I think "their" worries dwarf ANY worries that we as tourists might encounter. After all, they're worrying about staying alive while the rest of us worry about getting the biggest bang for our souvenir money. Quite a contrast, don't you think?
thank you tim.. I have to hold back sometimes myself.
I think a person should be able to ask a legitimate question on this forum without fear of reprimand or social justice comments being directed to them in a superior tone.(actually it is pretty hard to read tone on a board so the superior element probably wasn't intended, it just seemed to come across that way)
I think the obvious concern may be that there were several incidents of sexual harassment in public gatherings recently in Germany. It was not an unreasonable question to ask. I think that the probability of crime for the average tourist has not changed significantly with the influx of refugees. The truth of the matter is that there is no where on earth that is crime free and that the same reasonable precautions that you take in your own home city will do you well wherever you travel. It is important to be aware of your surroundings but the actual risk has not increased.
I can't imagine if that event in Cologne had taken place in Chicago or Miami, Detroit, those male culprits would have been decked. Keep in mind it was also New year's Eve. We'll see what in February when Karneval starts.
Regardless of the refugees and their predicament, there will certainly be loads of tourist impervious to them focusing on which souvenirs to buy..
My German sister in law seems to understand this was an isolated incident , a bunch of drunken louts, not indicative of all refugees. I have a feeling some people are not seeing it that way.
And i hope that most American tourists understand that what happened in ANOTHER country then the one they are actually visiting likely has little bearing on their visit, this post was about PARIS , not Germany...but of course that will now always be brought up no matter where one is going as refugees are obviously a bunch of rabid rapists.
I agree with Pat that refugees are not a bunch of rabid rapists, at least their majority. But we have to realize that their culture is totally different from ours especially with the relation to women. What is abhorrent to us could be considered normal to them. They have a long way to go to be fully accepted by western society.
Fred don't forget, my daughter will be there. After hearing a prominent German Muslim cleric and the mayor place the blame on the women and after reading the statistics on the upswing of assaults against women across Western Europe I am not real comfortable with the idea.
Interestingly. The Guardian is reporting that the 13 year old girl who claimed she was assaulted and raped by "middle-east and African men" in Berlin, has now admitted she lied. Nothing at all happened to her, she was just having problems with her family and so went "missing" for a while. So all the protest marches with people carrying racist signs, etc. were for a silly young girl who told a wicked lie.
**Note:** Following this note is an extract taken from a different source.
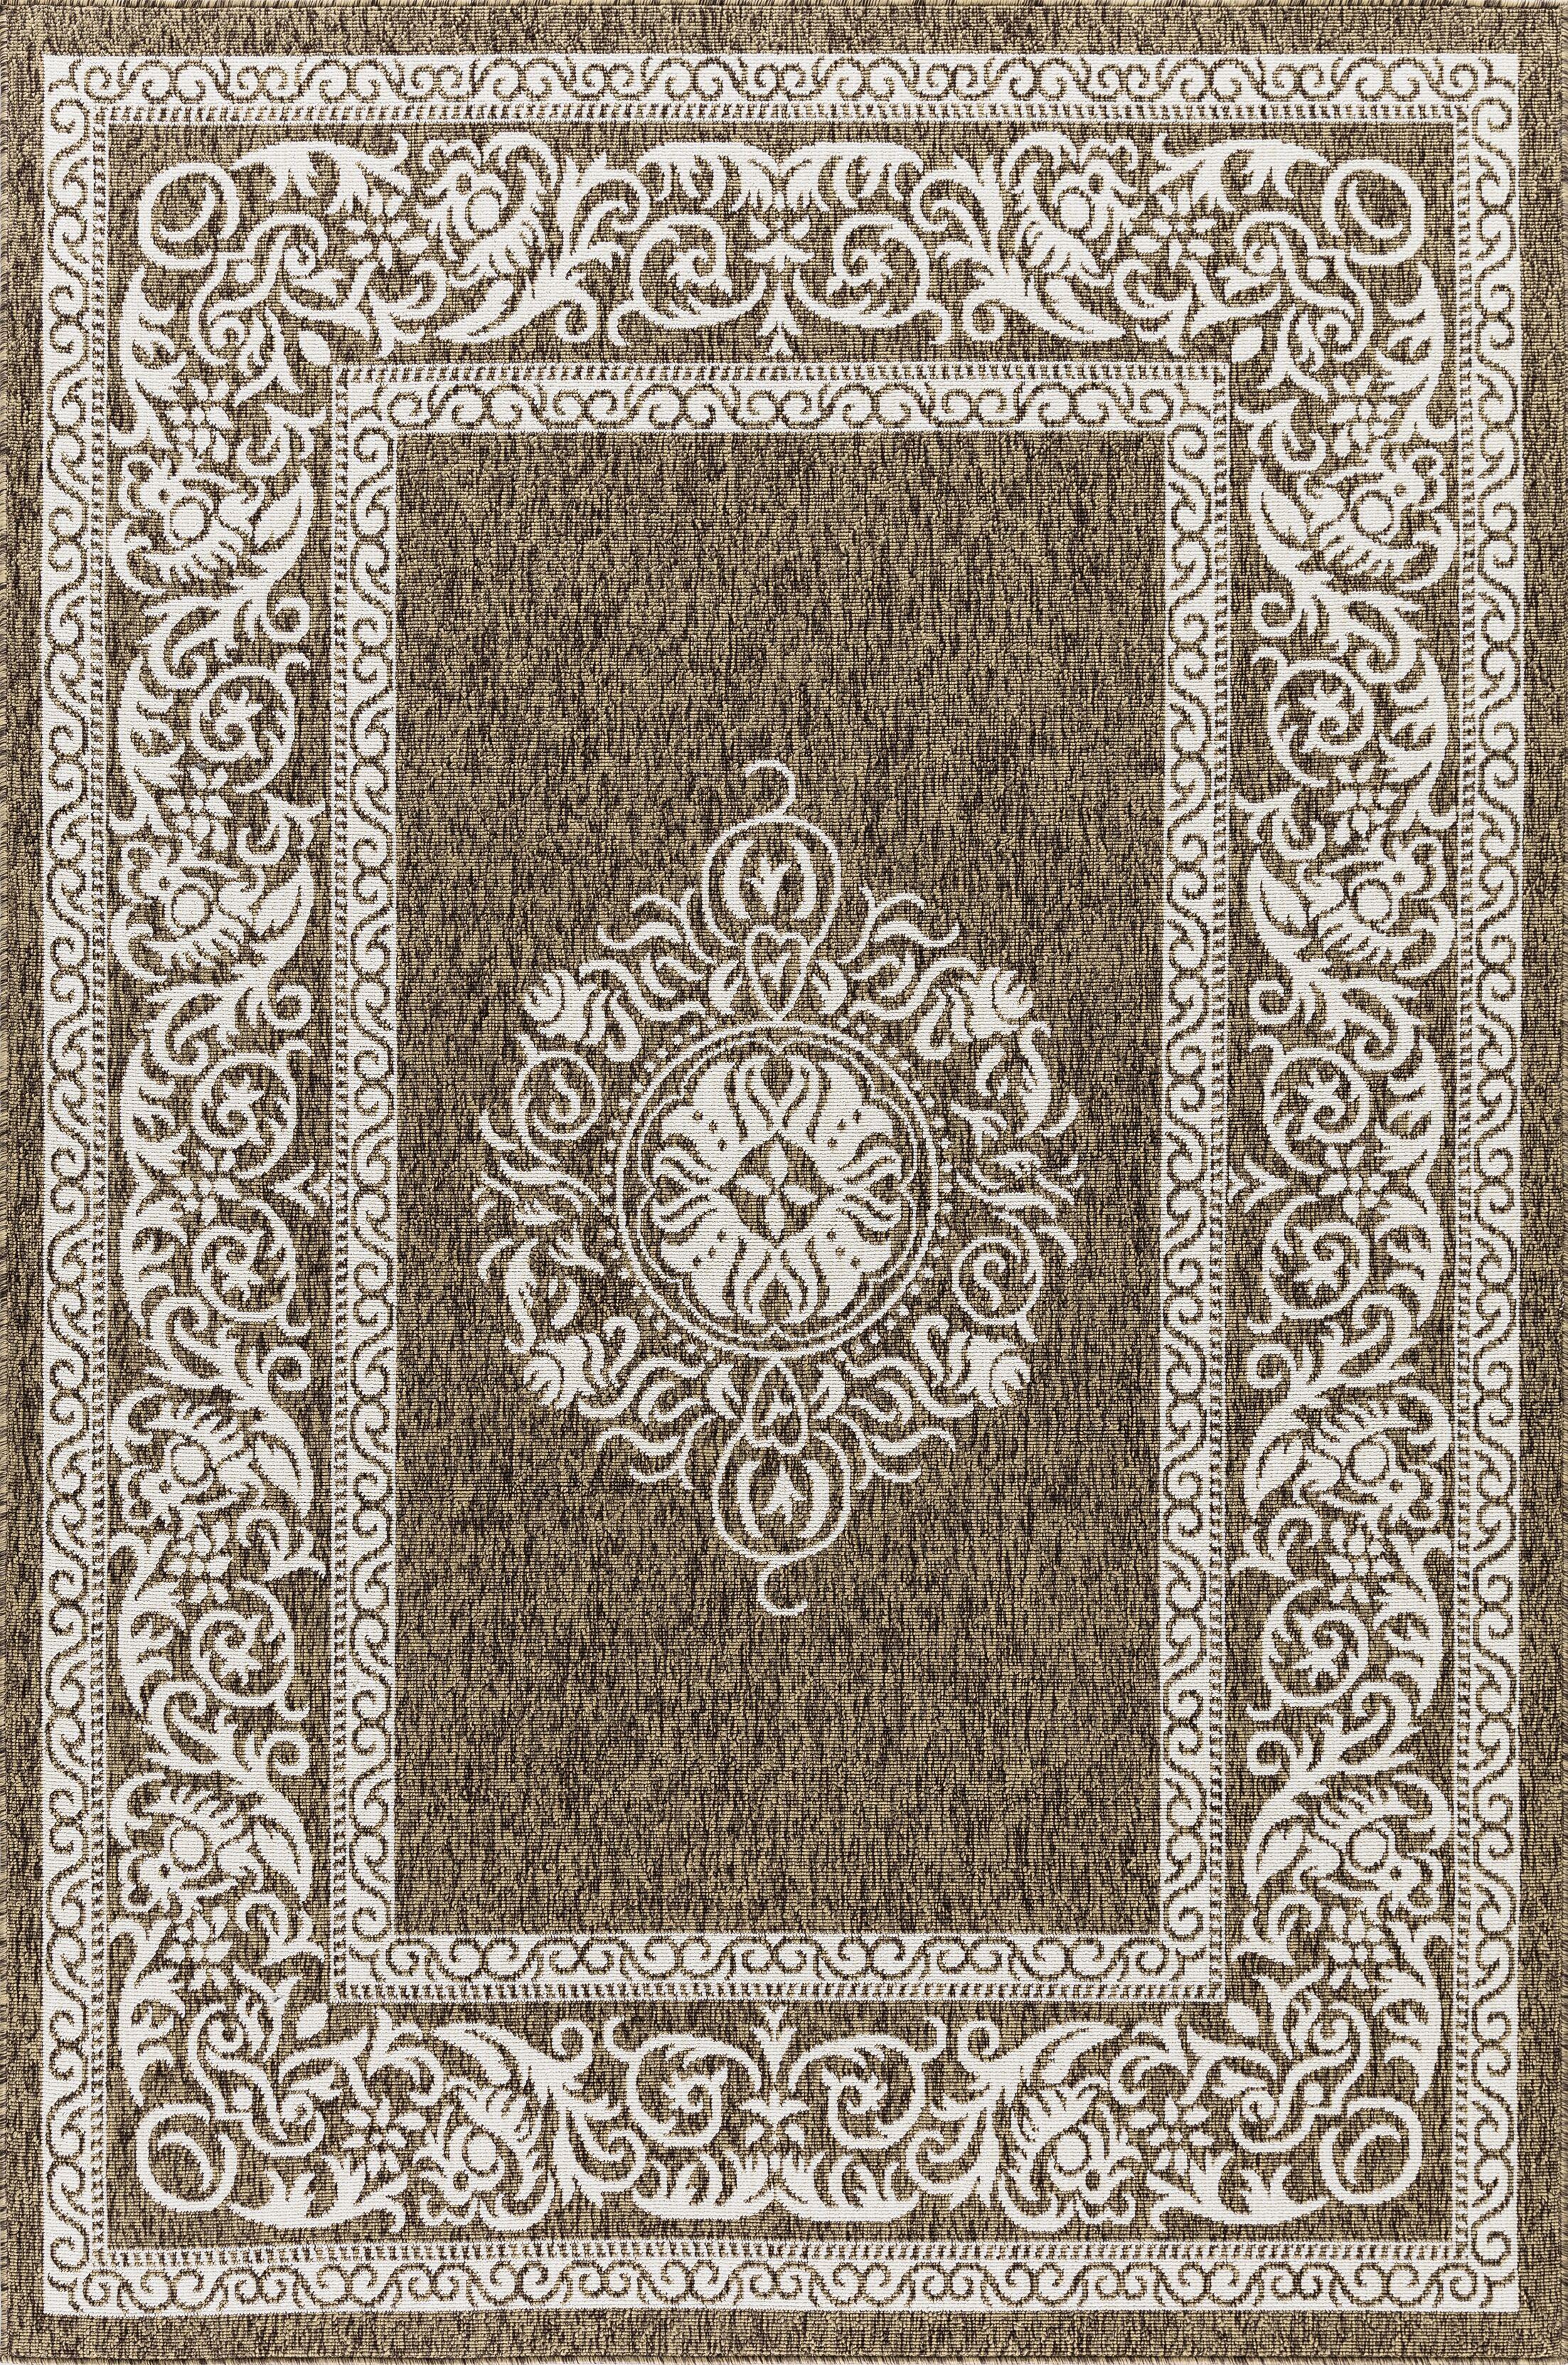 Ramos Beautiful Brown Indoor/Outdoor Area Rug Rug Size: Rectangle 5'3

Norma, I am sure that false accusation of rape happens more often than we think. We only don't hear about it. I remember similar case years ago. Fifteen years old black girl claimed she was raped by several white guys. Reverend Al Sharpton made sure that the story was made very public. Ultimately they found out that the story did not happen. There were no attackers, no rape. She made up everything.
Glad this incident in Berlin was a false accusation, though putting things like that to rest is harder than stirring up the populace.
So speaking of which, what baffles me is how hundreds of men got word to assemble in certain places on New Year's Eve in more than one city. That women were surrounded and touched, two claiming to be raped has not been found false. So what websites were leading these men in their own languages, letting them think the assembled women were free for the taking, casting a shadow over all the immigrants and refugees, opening the door to the temptest in Berlin.
That said, there is now a continent-wide education campaign going on.
To address the OP's question of "I need to know from recent travelers if anyone has been affected by the influx of refugees in your travels?"
I've traveled to Brussels, Lyon/Grenoble and Munich in the last 6 months and there has been zero effect on my travel from the influx of refugees. The only small changes I've seen have been increases in security presence in France but this was due to the terror incidents and not the influx of refugees. The increased security presence also did not affect my travel.
I would recommend you broaden your media net to include European outlets like the BBC, France 24 and German DW television. Many cable systems hide these stations in the high upper regions, some PBS stations show them on their prime or D2 channels, and you can often stream them too. Since this is an actual ongoing issue for them, they will offer more complete and frequent coverage.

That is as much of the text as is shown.